On Tuesday, I began talking to this Dom over the internet. After only a few hours of talking he "made" me tell him that I loved him. The next day we're discussing me leaving my college, my friends, my family, everything I've ever known and moving in with him. At first I was wary but he eventually convinced me. This would happen next fall. The next few days I was great. Doing things he told me to. I had a great time doing them.

Yesterday I had a panic attack while thinking about the situation. Submission (even virtual) didn't feel like I thought it would. When I think about it I still like it but it's not the same actually doing it. I told him about the panic attack and that I didn't want to do any of it any more. I sent him an email ending it and apologizing for wasting his time. After reading it he called me and convinced me that this happens to a lot of subs and that it was simply because I was experiencing new things for the first time. He has a way of explaining things that makes you think differently about them. I felt much better after that but as soon as I we hung up the doubts returned.

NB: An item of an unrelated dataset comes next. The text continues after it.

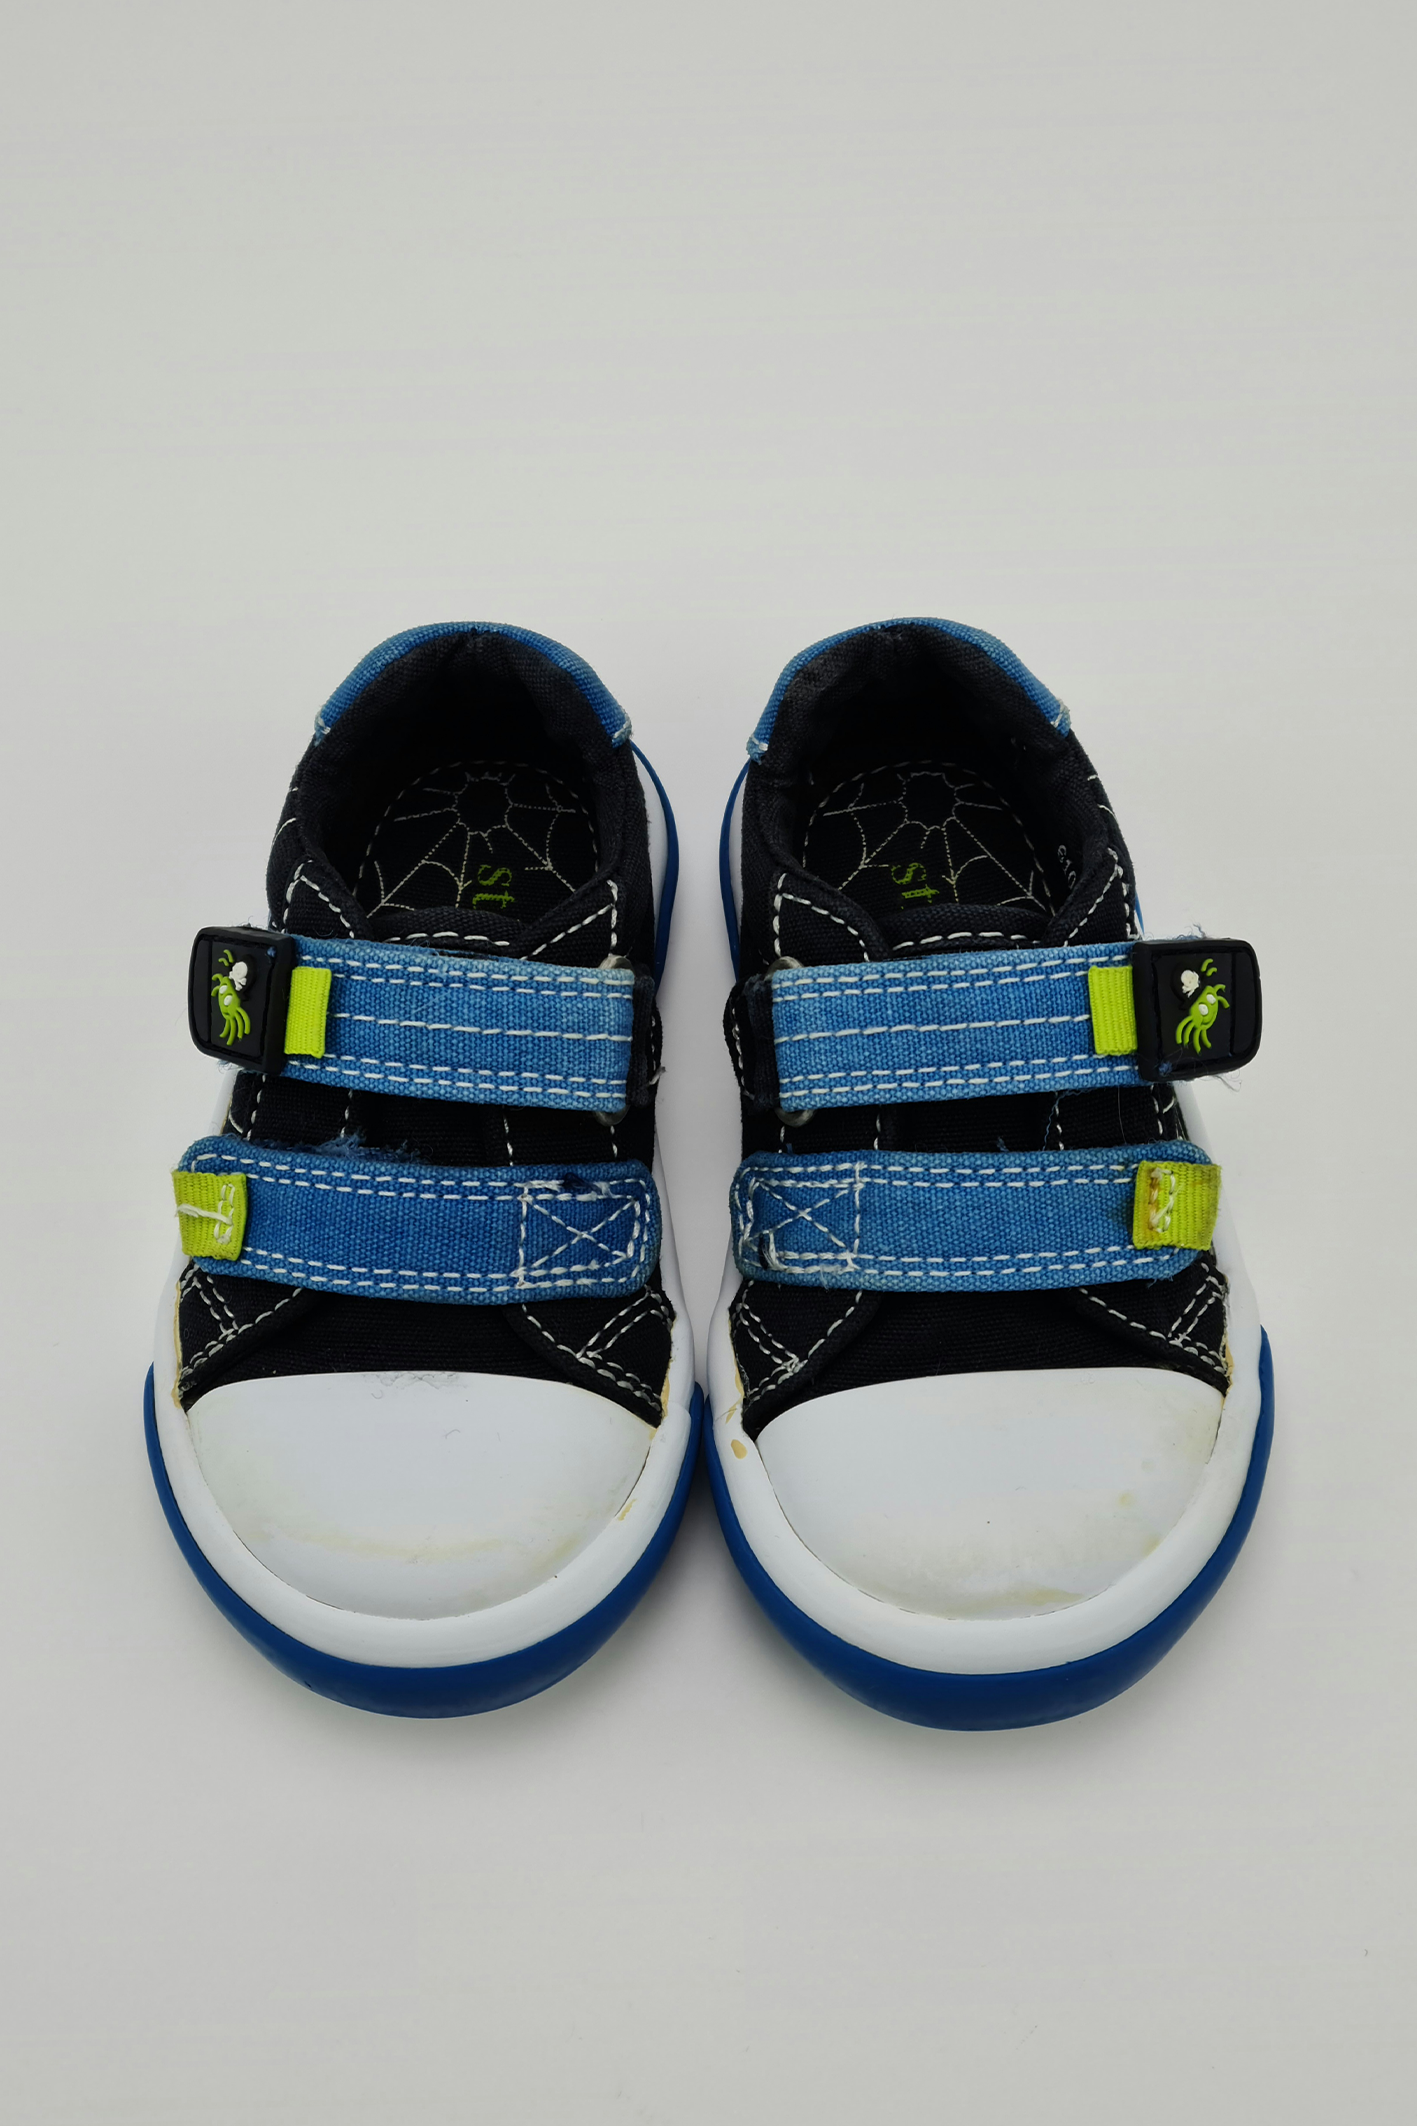 Taille 4 - Chaussures en toile Spider bleu marine

We were talking about one of my hard limits. I mean something I would never do because I think it's disgusting, wrong, and I don't think it's okay for anyone to do. in a matter of minutes he completely changed my mind. But now that I'm not talking to him, I'm back to my original thought.

However, I still feel the need to pleas him. I do want to make him happy but...i dunno

So what I need to know is, could he be right; am I just having a normal sub freak out? Or is it possible that after years of fantasizing about it, I'm really not into the BDSM lifestyle?
 
you met someone online on tuesday and he's talking you out of going to college and leaving your friends, family etc?

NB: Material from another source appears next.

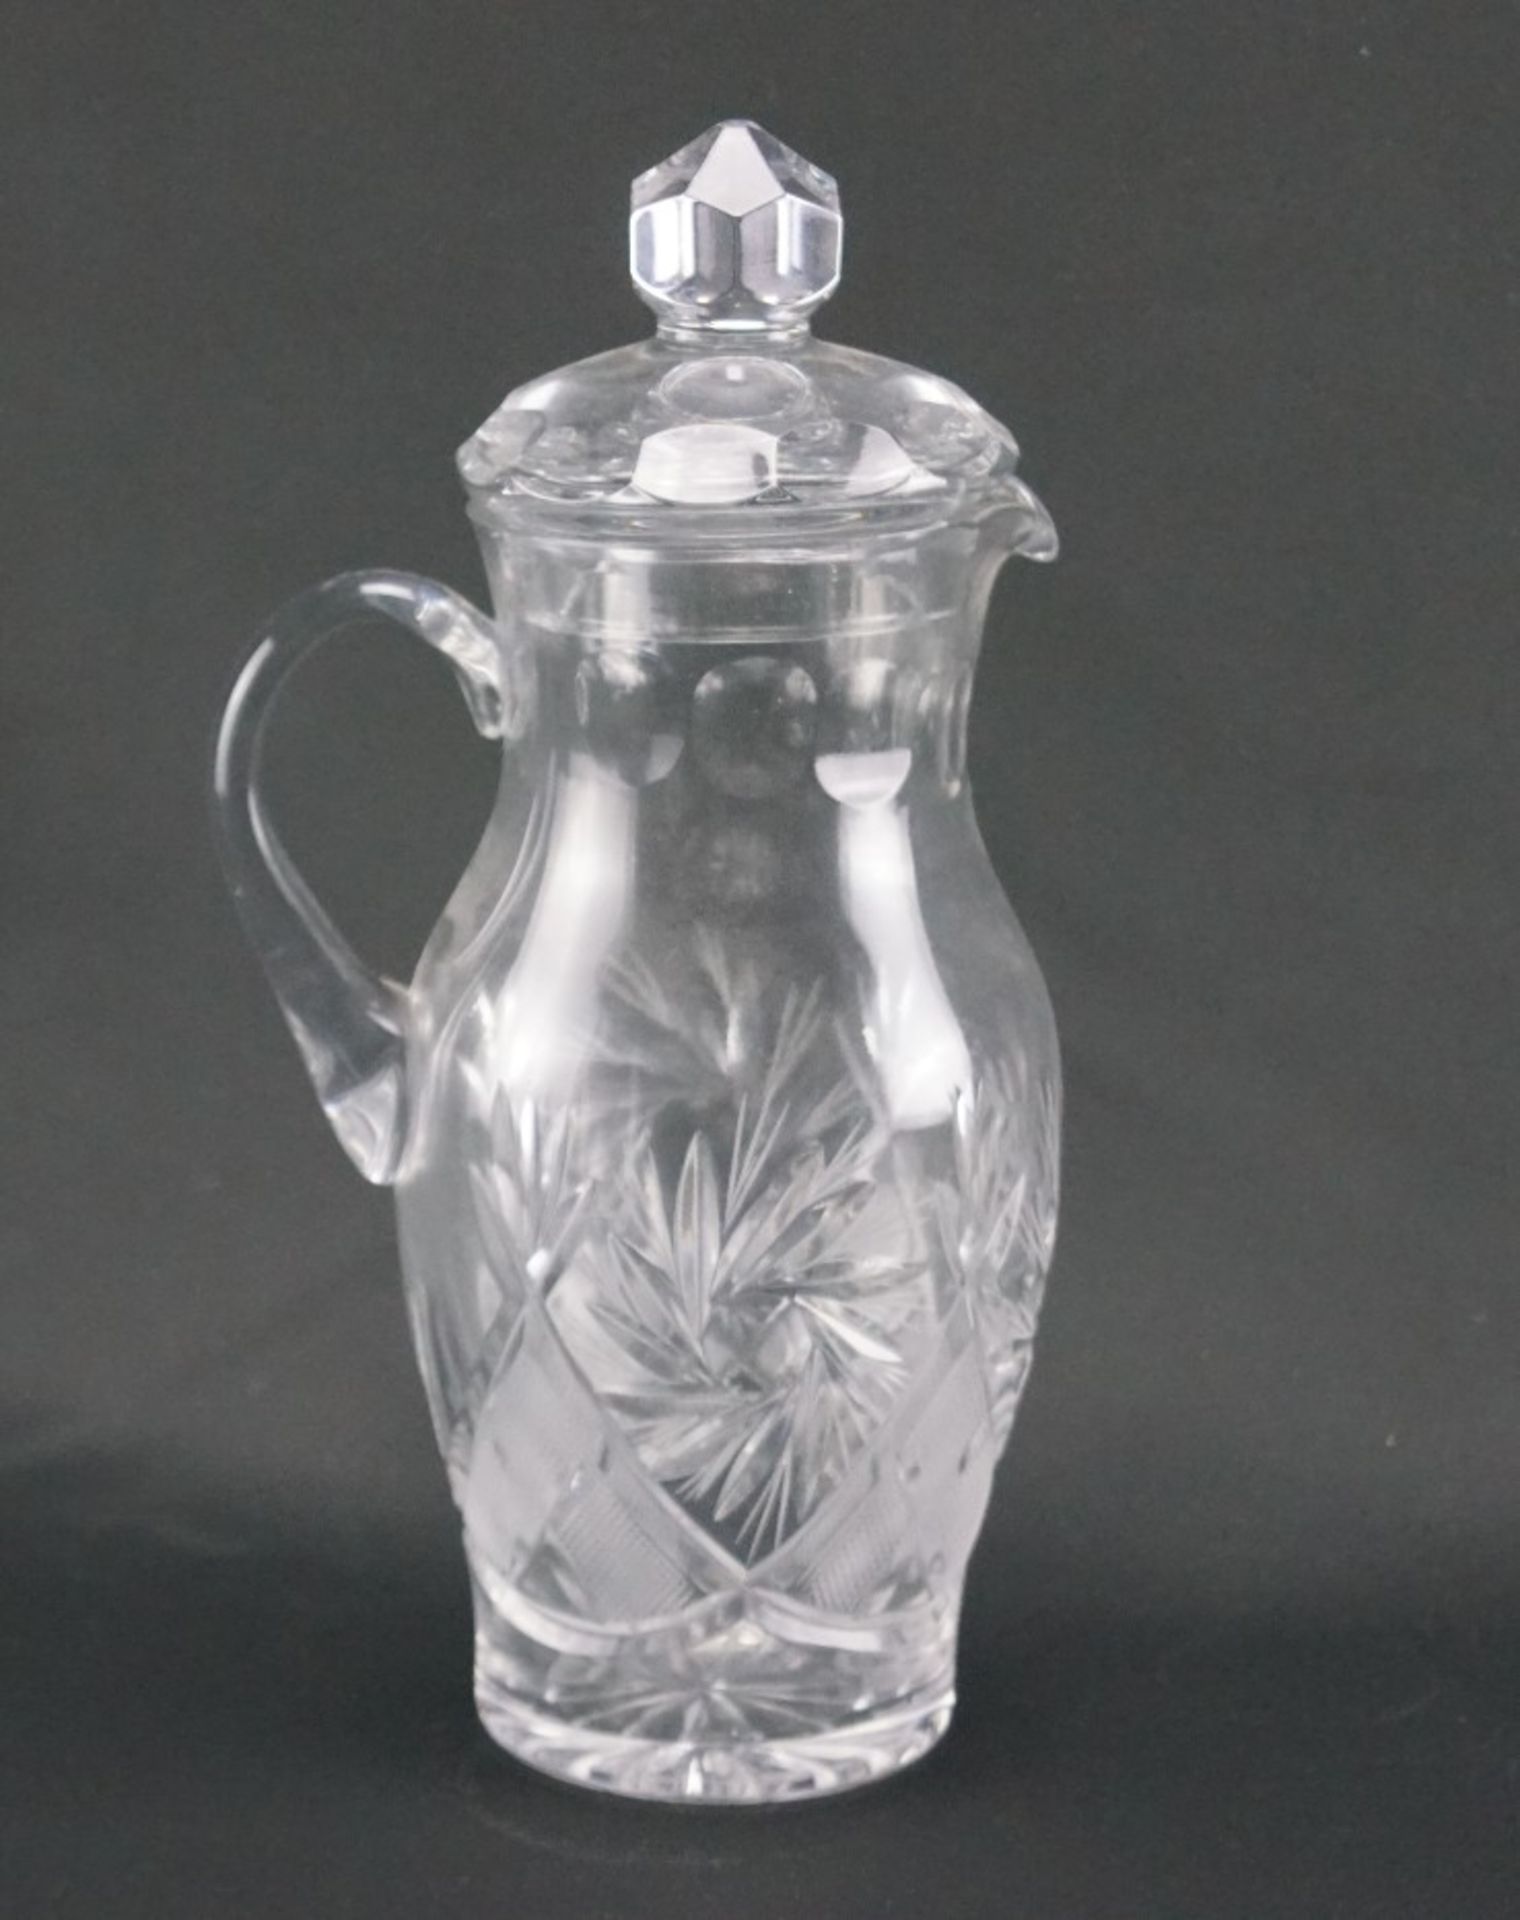 Glaskaraffe aus KristallglasKristallglas, Höhe der Karaffe 27 cm und Durchmesser 9 cm, in einem sehr

this isn't submission, this is manipulation.

I would walk away from this man.
 
*blinks twice*

Ok, here's my two cents, and I hope I don't upset you.

This guy sounds scary. Asking you to say you loved him, when you've never seen or met him, let alone know him properly?! That is weird. What do you even know about him (as in, what have you double-checked for your own safety, not just what he has told you)? That he wants you to make such massive life changes for a stranger you've met on the internet implies that he's either stupid, crazy or an asshole who is messing with you.

Frankly, I'd be running away.

This isn't a reflection of whether you 'really are a sub' or not. Sensible, reasonable, decent Doms don't behave like that wth a stranger. He is at fault here, not you. There are alot of good threads about safety precautions when looking for a Dom. I suggest you read them before continuing on what could potentially be a very dangerous path.

Good luck hon.
 
I would break off communication with him immediately.

And this experience has absolutely nothing to do with whether or not you're a sub, and everything to do with crazy manipulators on the internet.
 
Wow.

How is this even a question of what to do?

RUN! Cut off all communications and move on.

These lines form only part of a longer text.